Social norm nudge take two
We thought the whole idea of social norm nudging deserved a second chance. To find out how a nudge could help people save more, we redesigned Beshears’ version, making sure that the nudge message compared the saver in question to a similar group of savers.
We focused on various neighbourhoods in the Netherlands, inhabited by the same kind of people: ING customers who resembled one another in terms of age as well as income. We sent out a social norm email message that talked about other people living in the same area: "You have a significantly smaller financial buffer than most other ING customers in your area.”
We were interested in ING customers with a bank balance that was not negative but still significantly lower than the median in their area. These customers got an email with our social norm message, accompanied by a short post about automatic saving. The post included a link to a landing page, where customers were gently guided towards increasing their financial buffer.
Our control group consisted of ING customers with similar features and living in almost identical areas. They got the same email – but without the social norm message. We deliberately excluded ING customers who saved more than the median in their area as the message could have had a negative impact on them if they realised they were actually saving more than the norm.
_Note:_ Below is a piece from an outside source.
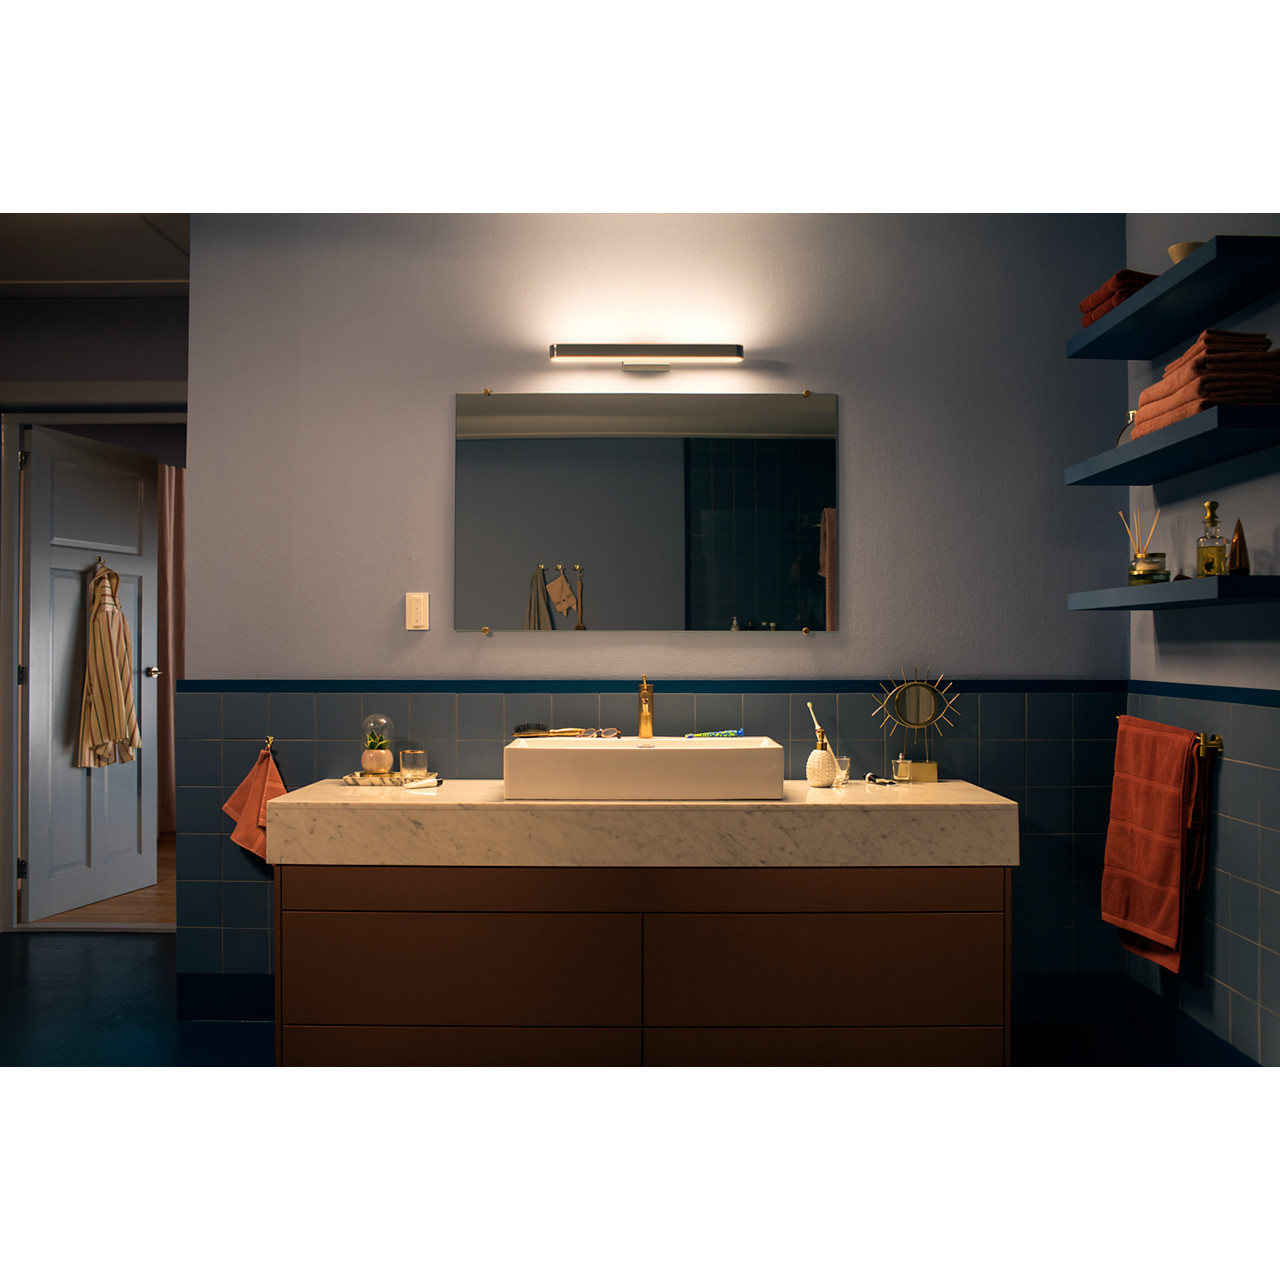 Hue White Ambience Adore Bathroom Mirror Light 3435111p7 Philips In 2019 Bathroom Mirror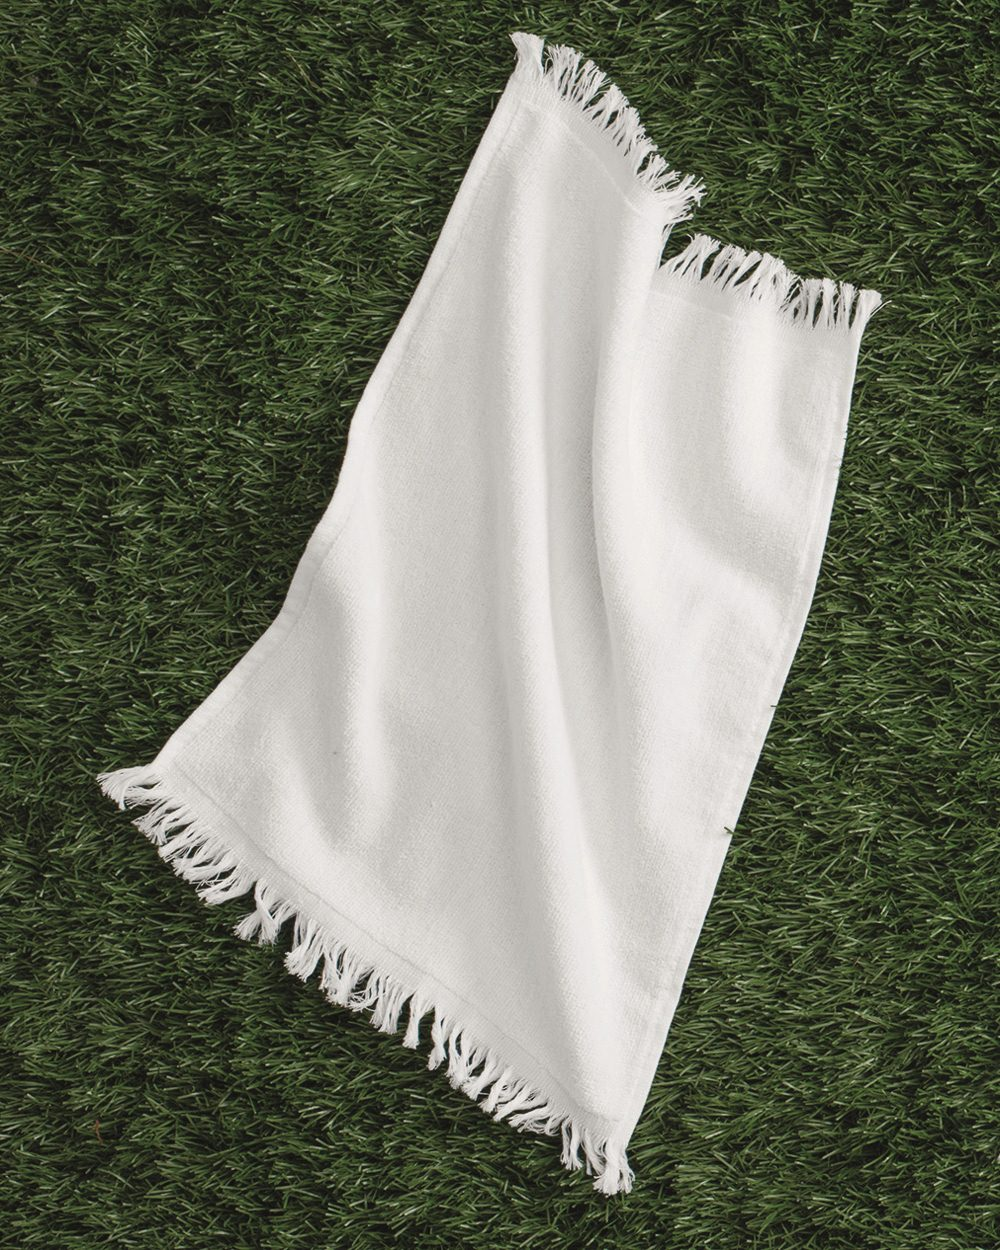 Carmel Towel Company Fringed Towel - C1118

More traffic, but how about saving more?
We found that the households who received the social norm nudge visited the online landing page 26% more often (3.4% in the intervention group versus 2.7% in the control group). That sounds promising and seems as though the social norm message did get people to think about saving more. But did they act on it?
Unfortunately, they didn't. Three months after the email, their buffer hadn’t changed even a little bit. While the social norm nudge sparked some attention initially and helped people find their way onto the landing page, the message failed to produce the result we were hoping for. Saving behaviour, it seems, is hard to change.